### [Exercise]
Exact reproduction of the data is required, with images excluded.

### [Given information]
'''
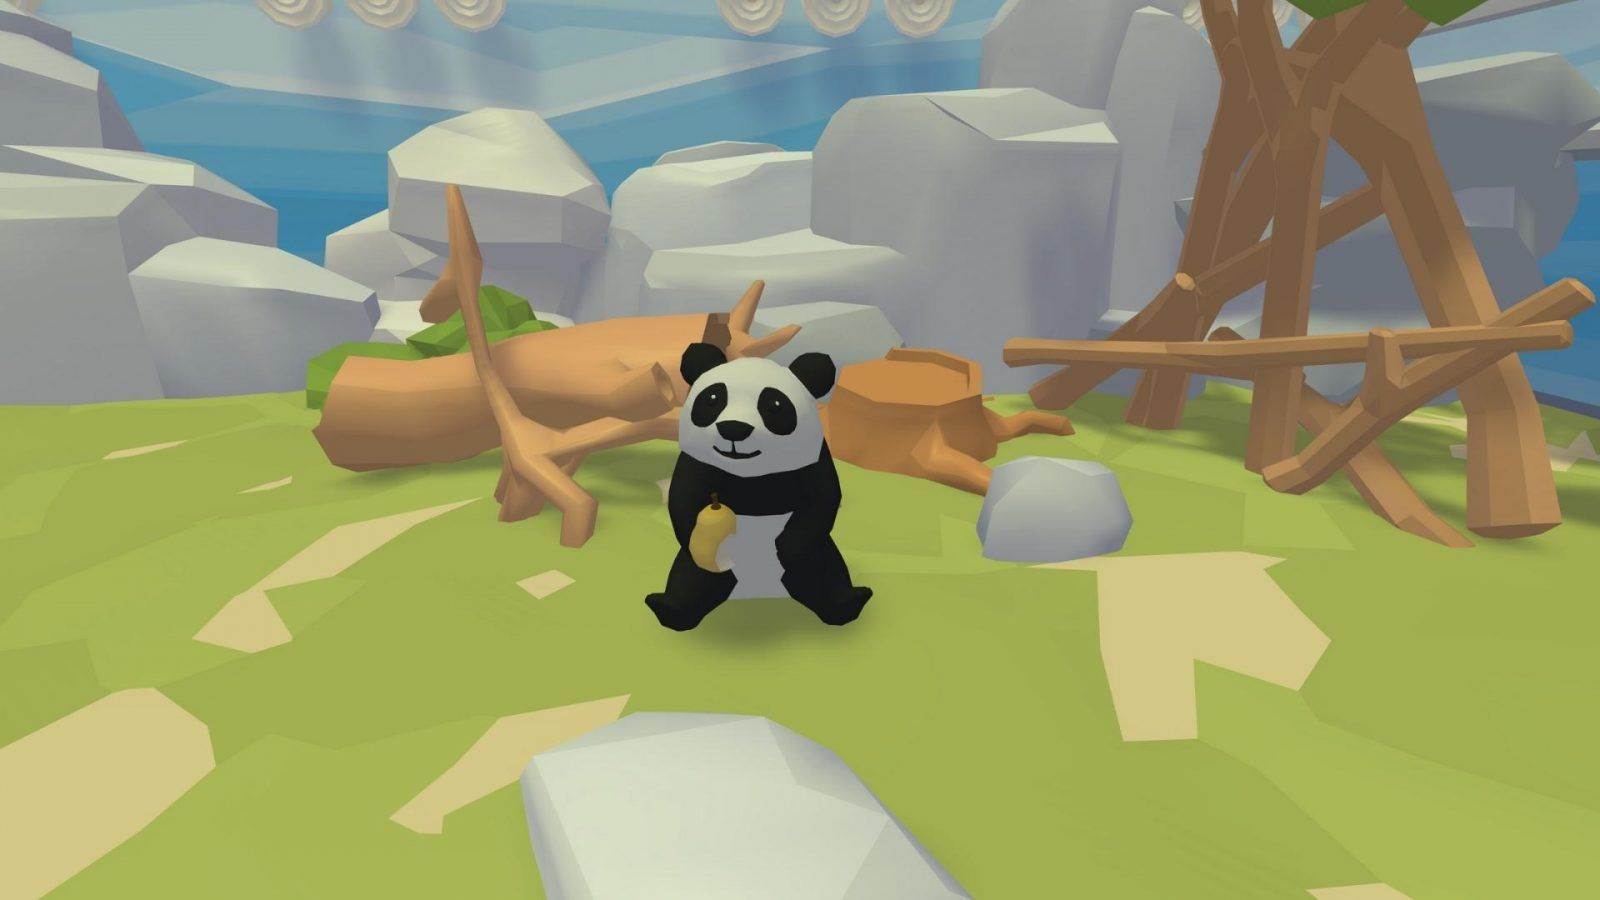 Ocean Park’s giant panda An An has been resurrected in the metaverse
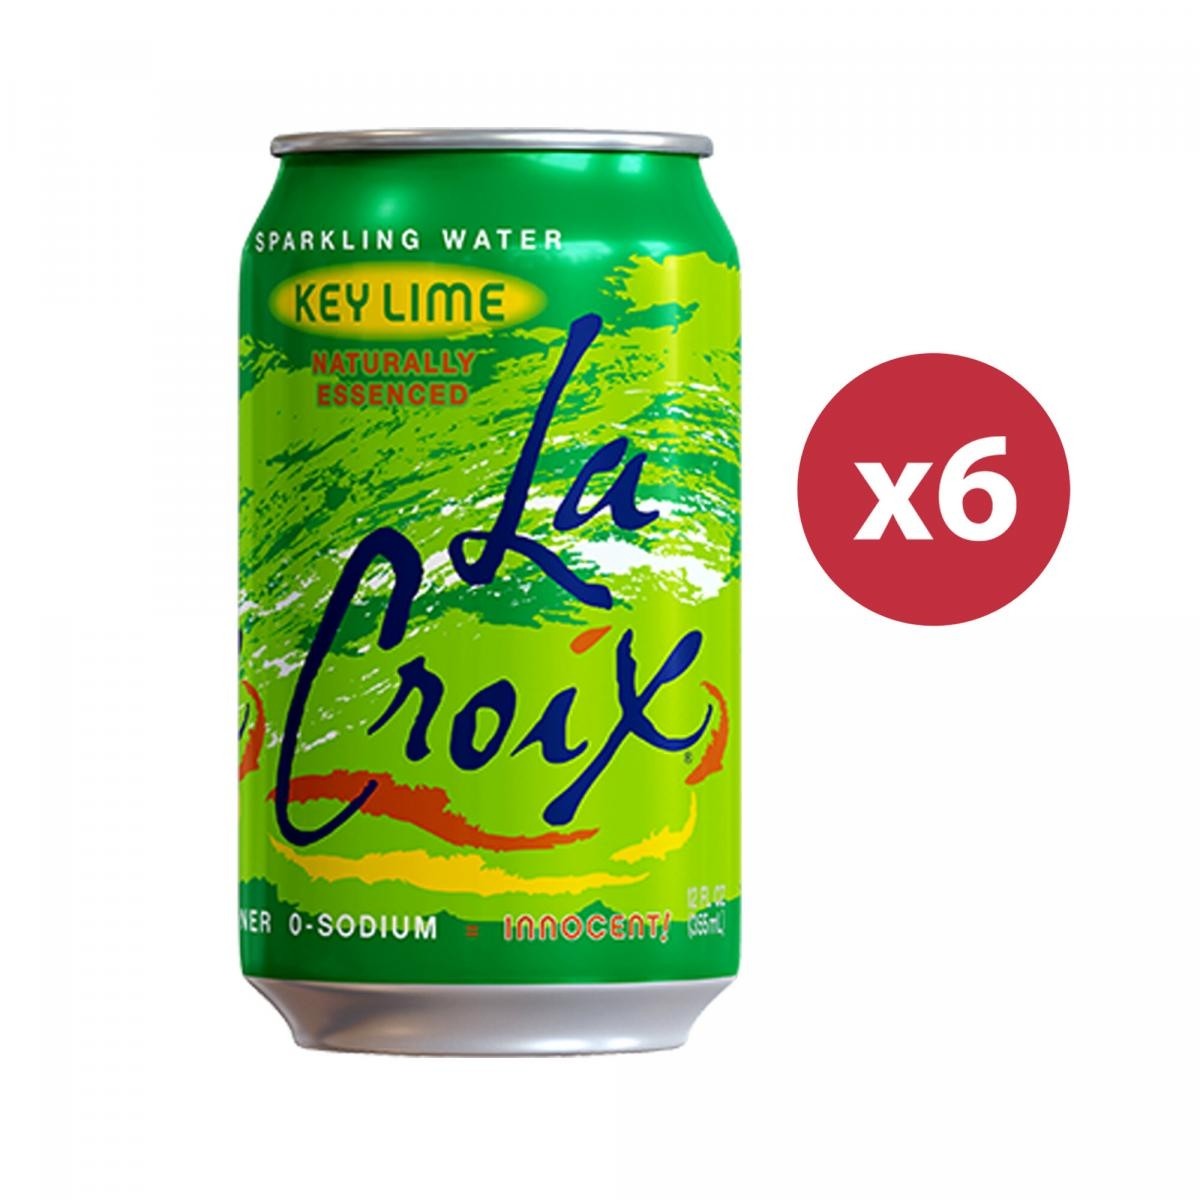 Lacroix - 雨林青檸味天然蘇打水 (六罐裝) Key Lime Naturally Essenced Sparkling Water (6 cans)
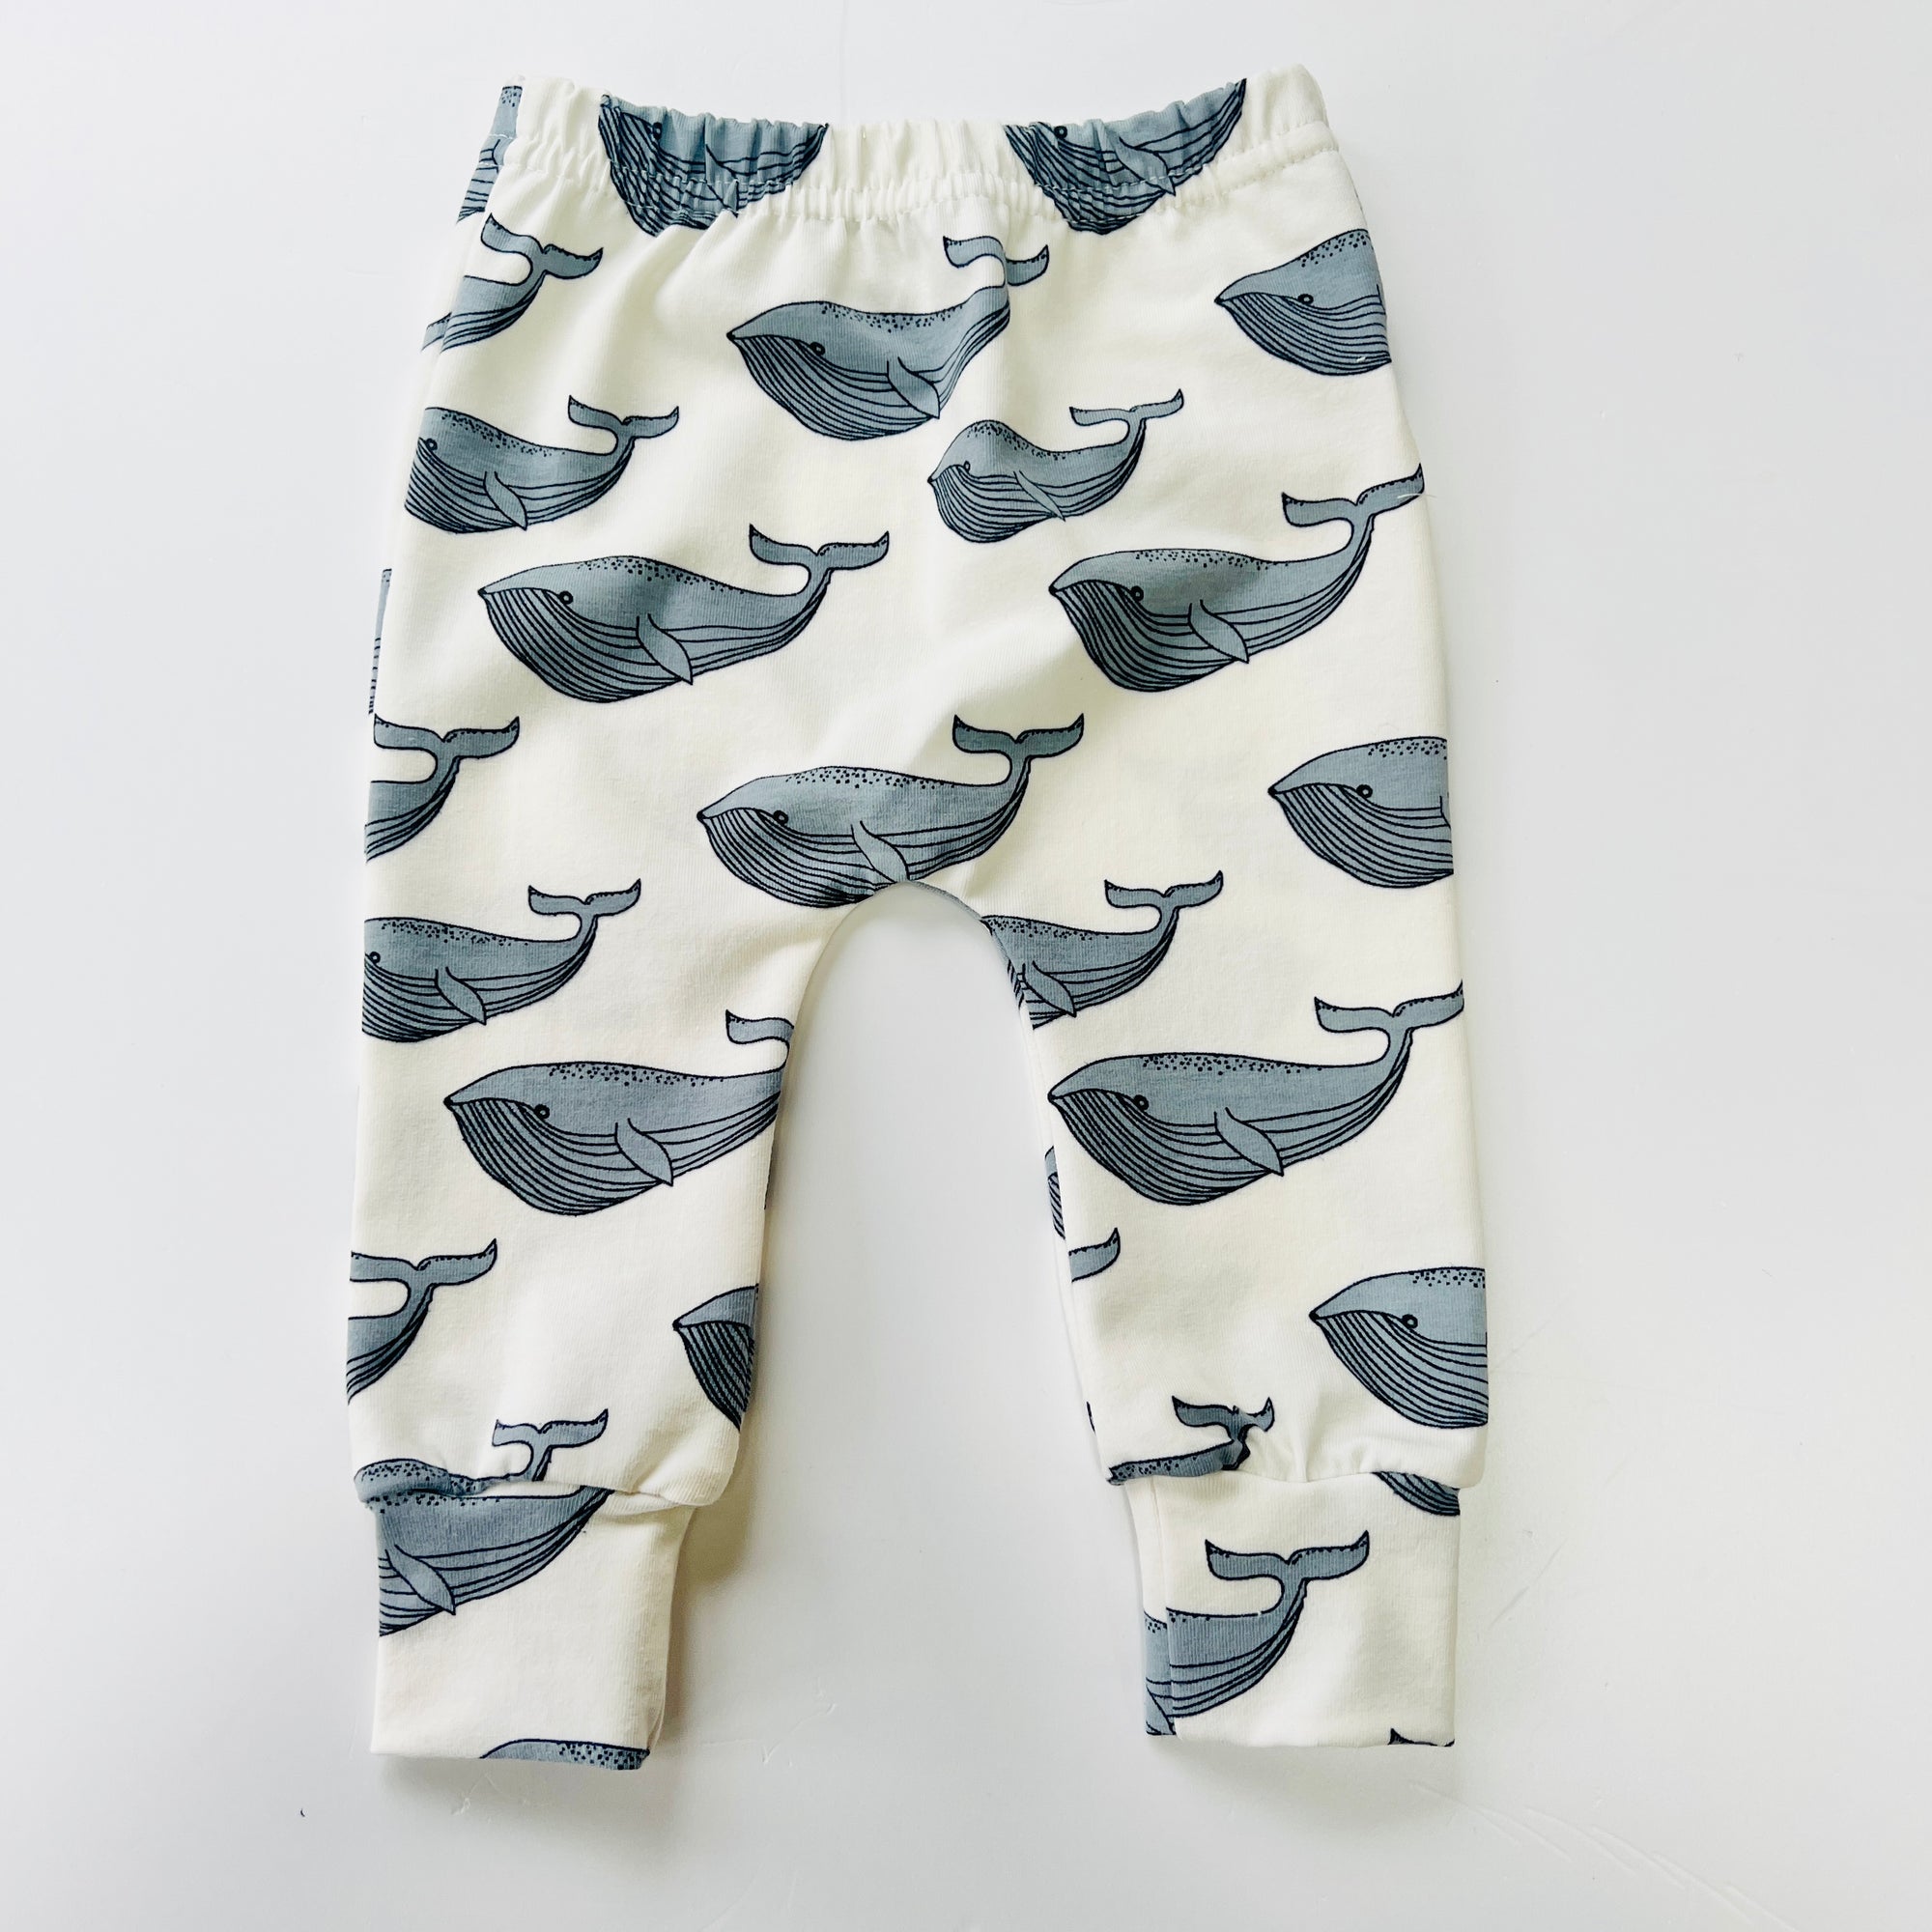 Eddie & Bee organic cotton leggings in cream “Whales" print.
'''
### [Result of this exercise]
 Ocean Park’s giant panda An An has been resurrected in the metaverse
 Lacroix - 雨林青檸味天然蘇打水 (六罐裝) Key Lime Naturally Essenced Sparkling Water (6 cans)
 Eddie & Bee organic cotton leggings in cream “Whales" print.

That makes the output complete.